Construction of alternative water supply projects is expensive. The Polk Regional Water Cooperative (PRWC) was formed by communities in Polk County with the recognition that individual communities need to work together to fund and construct future projects. The PRWC has approved of 3 projects for further investigation: Southeast Polk Lower Floridan Wellfield; West Polk Lower Floridan Wellfield; and the Peace Creek Integrated Water Supply Plan. An agreement was signed in February 2017 to spend $23 million on data collection and preliminary design to determine which projects are the most feasible.

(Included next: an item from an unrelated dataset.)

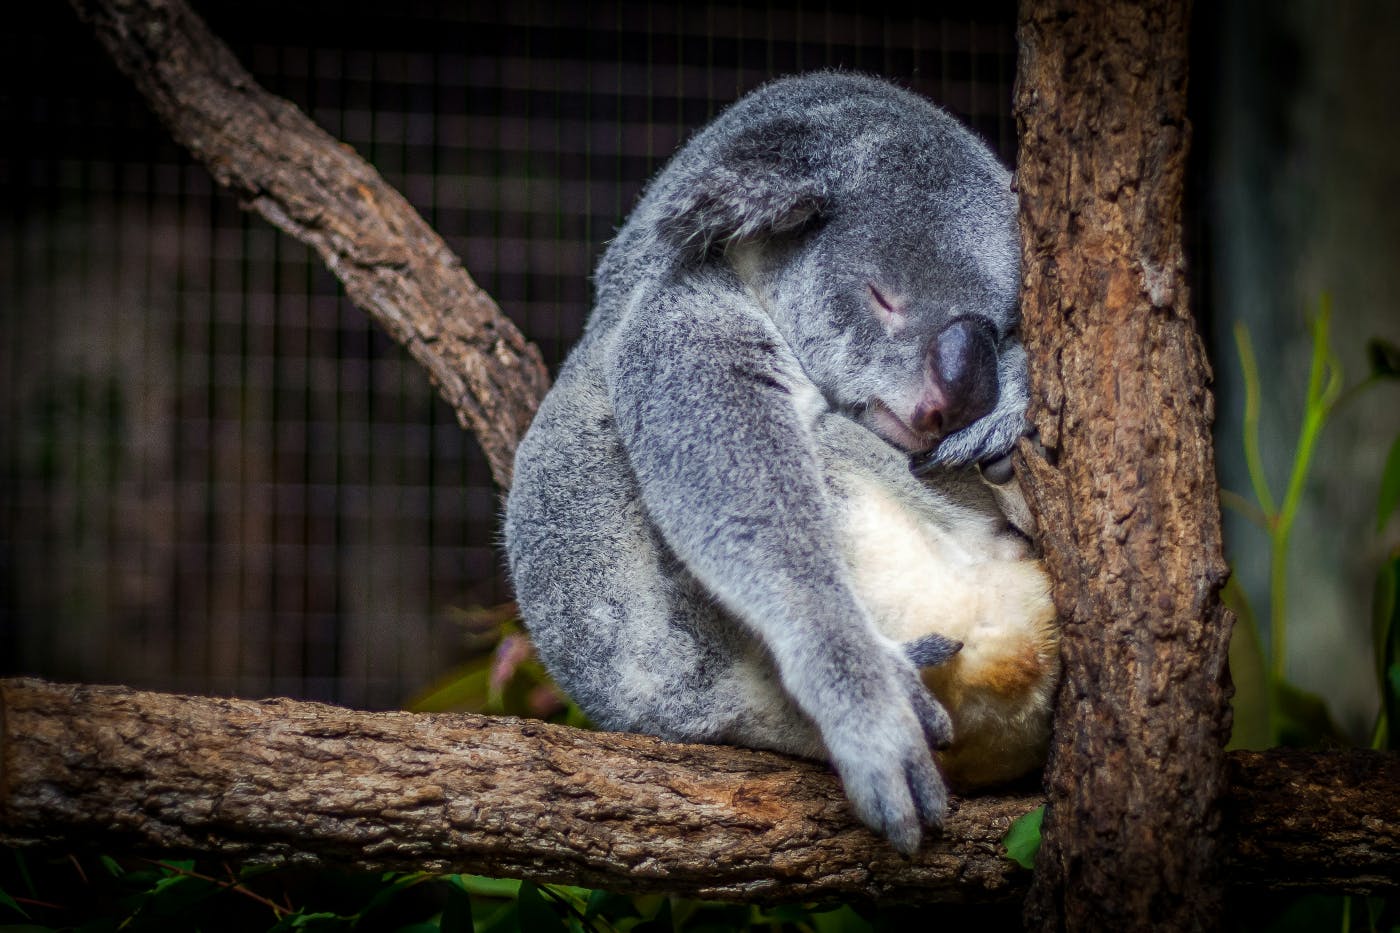 A Koala sleeping in a tree

The two Lower Floridan Aquifer Projects are somewhat self-explanatory. They would pump water from a deeper, less pure aquifer and provide more extensive treatment before pumping the water up to 30 miles. The Peace Creek Integrated Water Supply Plan would look at local water management practices, including aquifer recharge, flooding, and water quality to determine if water can be managed more efficiently to restore lake levels and river flows as well as produce a future water supply. In this manner, communities will not only develop future water supplies but reduce costs for existing and future problems related to flooding and water quality. One of the key features of this project is called 'natural infrastructure', which uses nature to help do the work for people. As an example, instead of creating man-made reservoirs, wetlands could be restored as storage sites. This is a relatively new concept, but one that has been adopted by the City of Winter Haven through the Sustainable Water Resource Management Plan.
No doubt that the cost of providing water, treating wastewater, managing storm water, and handling garbage will go up in the future. The higher cost of doing business will have to be passed along to the customers, but the community has considerable control over how fast this happens. No doubt that alternative water supplies will be more expensive, but the better we are at conserving water, the longer we postpone more costly projects. The better we are about using electronic billing and payments, the more time and money it saves staff. The better we are about recycling, the lower the cost of garbage disposal. Winter Haven is working towards being a sustainable community, and in the long term, this will save residents money.
Winter Haven obtains water from the Floridan Aquifer, which is a very pure source of water. It takes little treatment and maintenance to pump the water from the ground and send it to homes and businesses. Once the water goes down a toilet or drain, it begins its journey to the wastewater treatment plan. On its way to the treatment plant, the water might have to travel up to 6 miles and go through 3-4 lift stations to reach one of two wastewater treatment plants. Once it reaches the plant, it goes through a somewhat complex process to take raw sewage water and turn it into almost drinkable reuse water. The cost of maintaining this system is much more than the cost of maintaining the drinking water system.